O problema central deste estudo originou-se de reflexão perante o contexto
social atual, norteado de crises históricas e alucinações perante a utopia e a
realidade, o desejo e a ação, a teoria e a prática.
Sentimo-nos inseguros, necessitando refletir sobre questões básicas para
compreensão da nossa realidade. Questões como: o mundo atual, o progresso, as
chances de realização e o diálogo.
Quanto ao mundo atual - Um reflexo deliberado de homem, homem sem
concepção de vida e de si mesmo, que na busca utópica de melhoria, gera fatos
agravantes de uma crise inerente a toda e qualquer ação humana. Portanto o
homem e suas ações é o nosso mundo atual. Refletir sobre este mundo é deparar-
se com os avanços e tropeços da humanidade, como excesso de informação,
excesso e falta de capital, falta de base familiar, de vivência social, do orgulho, da
intolerância, fatores estes e outros geradores de violência e da ignorância que nos
faz apenas sonhar e não agir conjuntamente com o mundo atual.

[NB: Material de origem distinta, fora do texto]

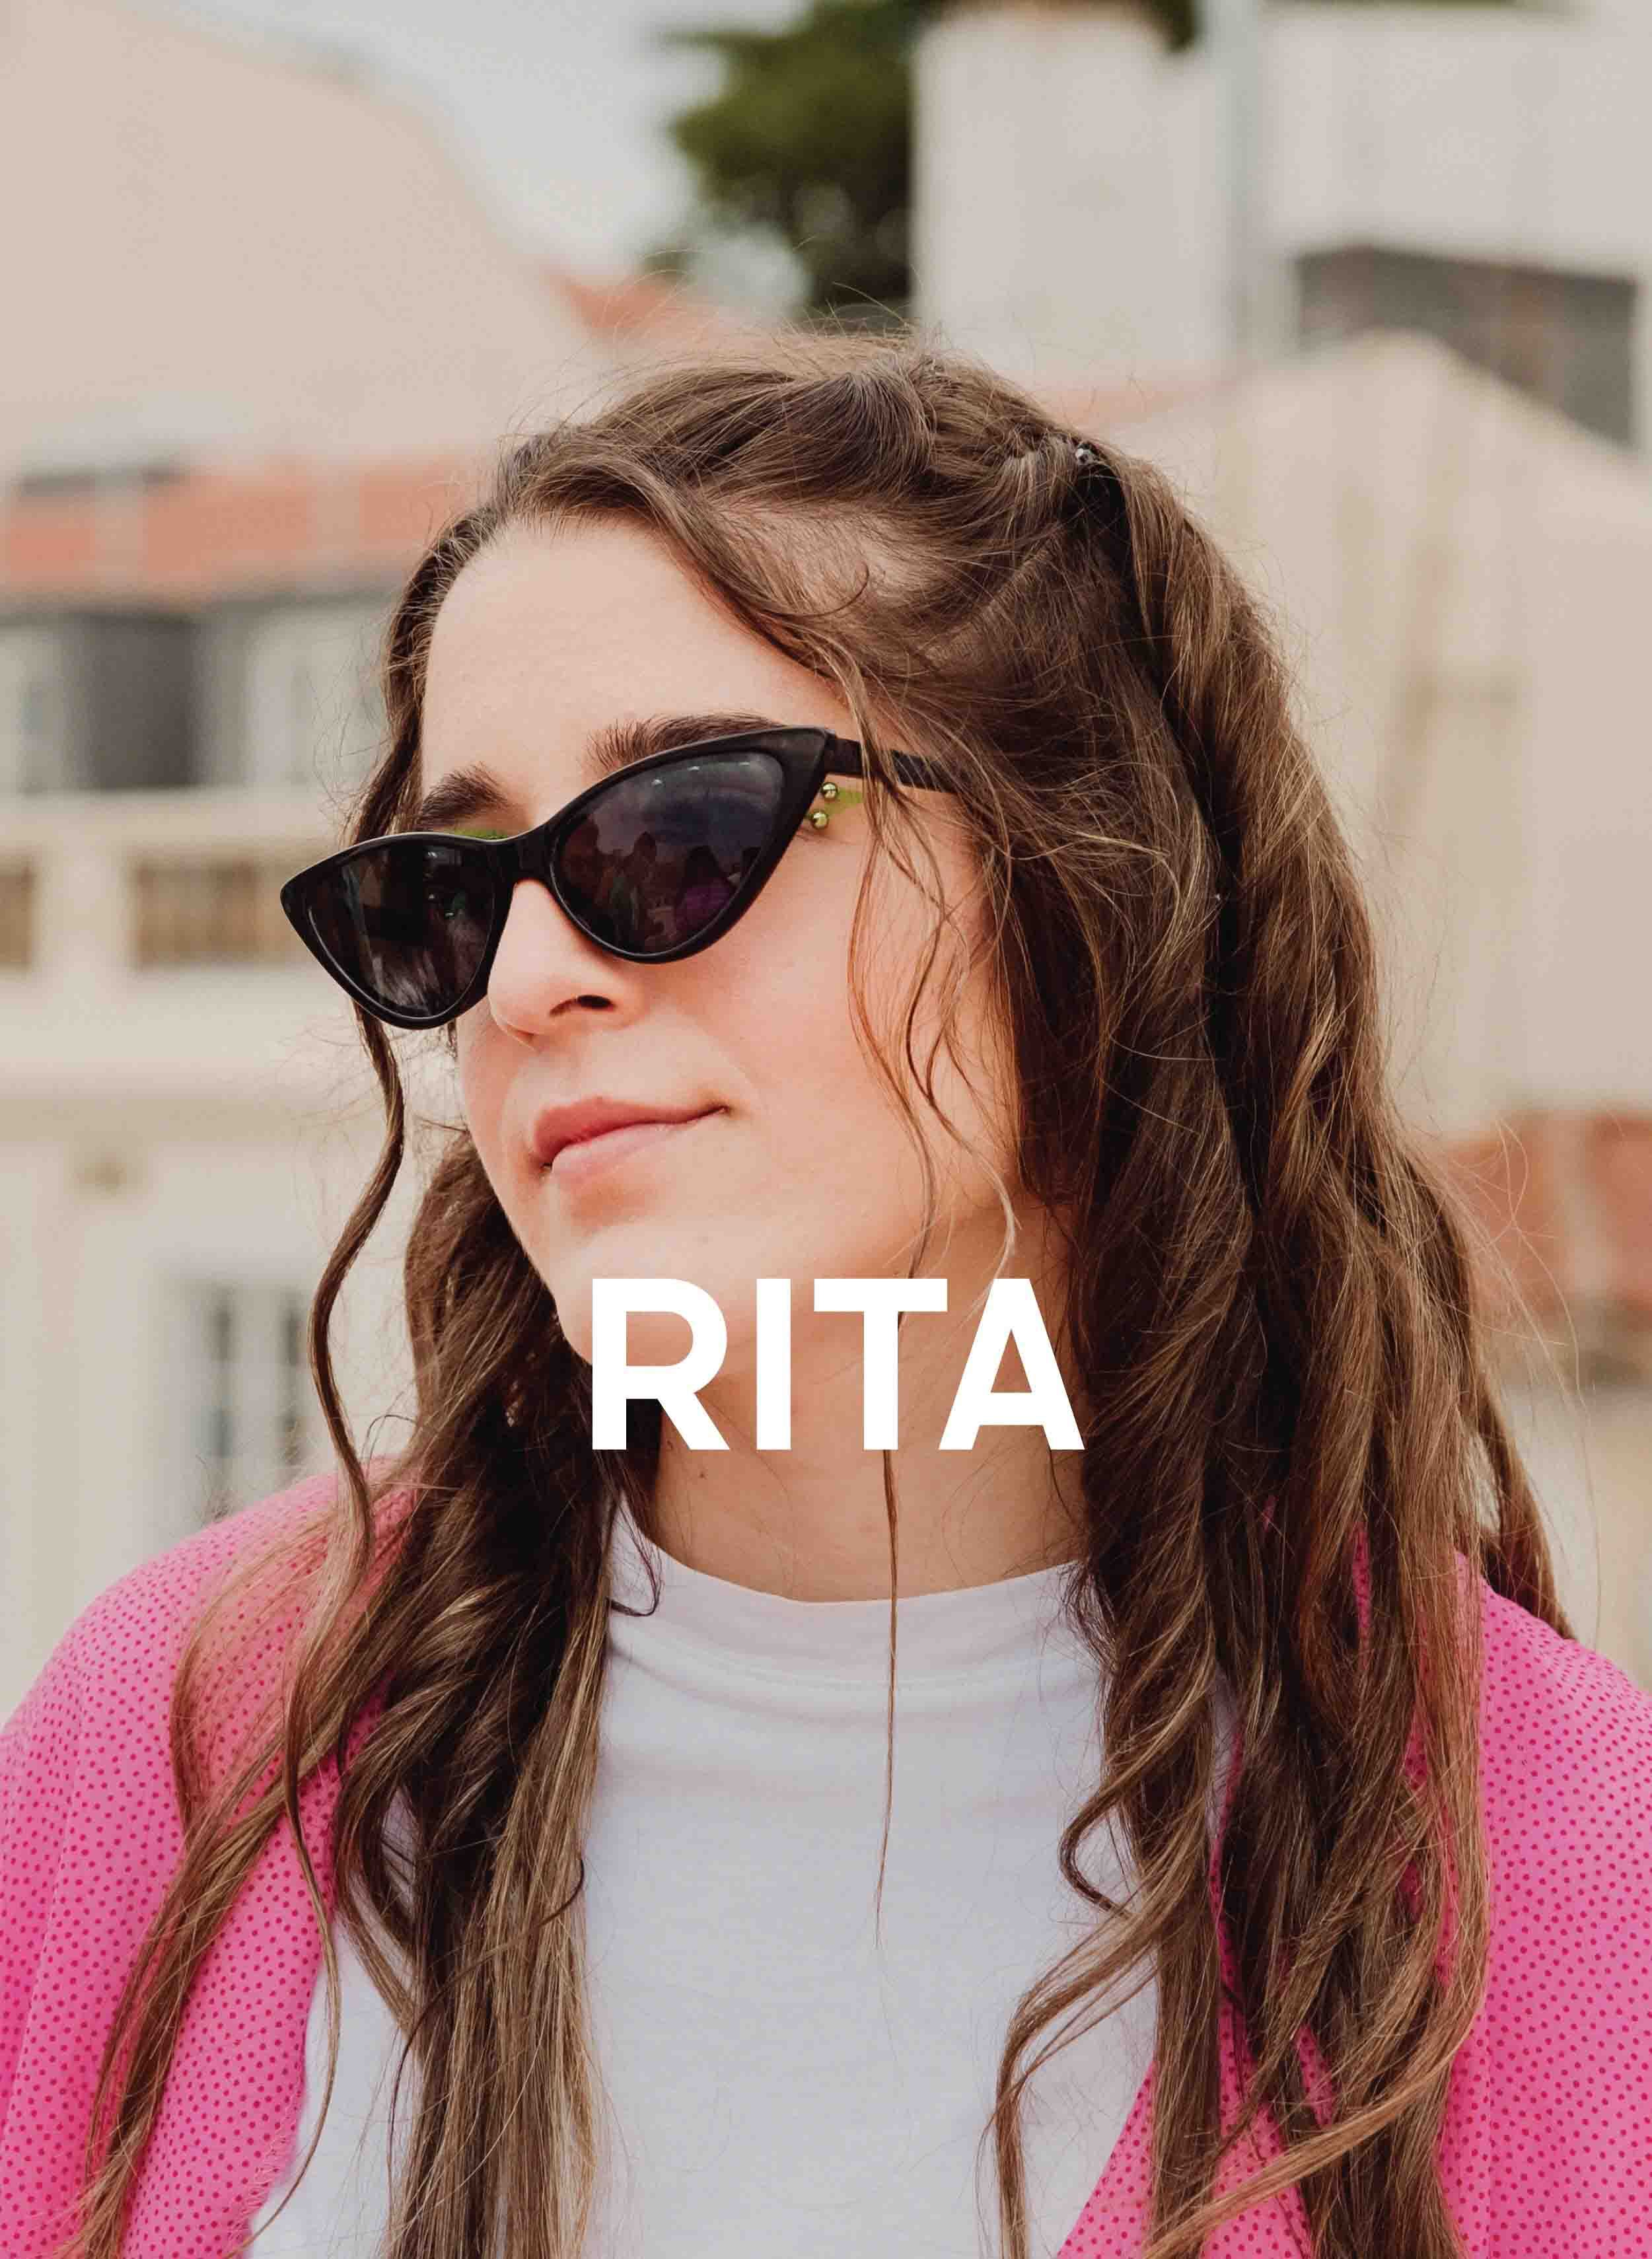 A picture of Rita.

Do que se refere ao progresso - Um comodismo tanto do poder quanto da
“base” formadora da humanidade. Progresso que perante tantas conquistas num
processo de apenas ter e não ser, perdeu-se em meio a um labirinto de
assistencialismo, vaidades, leis, capital, doação e roubo. Apesar de termos
2
alavancado como humanidade, portanto progredindo ainda não aprendemos a
utilizar o progresso como realmente este deve nos favorecer.
Sobre as chances de realização - A sociedade por si transmiti-nos o dever de
sermos algo, a melhor colheita de um semeado. Mas nos pulveriza como se
fossemos "ervas daninhas" por tentarmos produzir o que até hoje foi apenas
sonhado, assim, limitando nossas chances de realização pessoal, mas, como diz a
canção “quem sabe faz a hora não espera acontecer”1 estamos regando o nosso
futuro, pois hoje somos jardineiros do jardim da nossa vida.
Finalmente o diálogo - O Rio de Janeiro é um exemplo, a cidade maravilhosa
que deveria dialogar, abençoando-se, agride-se, criança mata criança, o homem se
depreda, a vida morre. Mas será que é porque não sabemos dialogar ou será porque
não aprendemos a aceitar a contradição de objetivos. Se quer olhamos nos olhos,
desejamos um bom dia, dialogamos em meio a gritos, um diálogo agressivo.
Chamou-me a atenção nesta reflexão o fato das pessoas independentemente
de classe social, de grau de escolaridade, de vivência, julgarem que o fator
responsável pelos problemas que encontramos enquanto seres humanos e a
melhoria para tais, seja a educação.
Como podemos observar a preocupação com este fator se faz inerente a
situação nacional a que vivemos, exemplo disso podemos notar no programa de
governo de vários políticos, entre eles o do eleito Presidente da República Luis
Inácio Lula da Silva, ao apontar a educação como uma das condições para o
desenvolvimento sustentável, a distribuição de riquezas e a soberania da nação e
constitui-se a um só tempo, em meio e objetivo do desenvolvimento e diminuição
das desigualdades. A educação contribui de forma decisiva para o exercício pleno
da cidadania e amplia o poder dos cidadãos tanto de compreensão dos vários
setores da sociedade como a cultura e a tecnologia, quanto de interferência nos
rumos do país. A educação também é indispensável para o aumento do valor do
trabalho e da produção em todos os setores, para a busca do equilíbrio ambiental e
para a garantia de outros direitos sociais.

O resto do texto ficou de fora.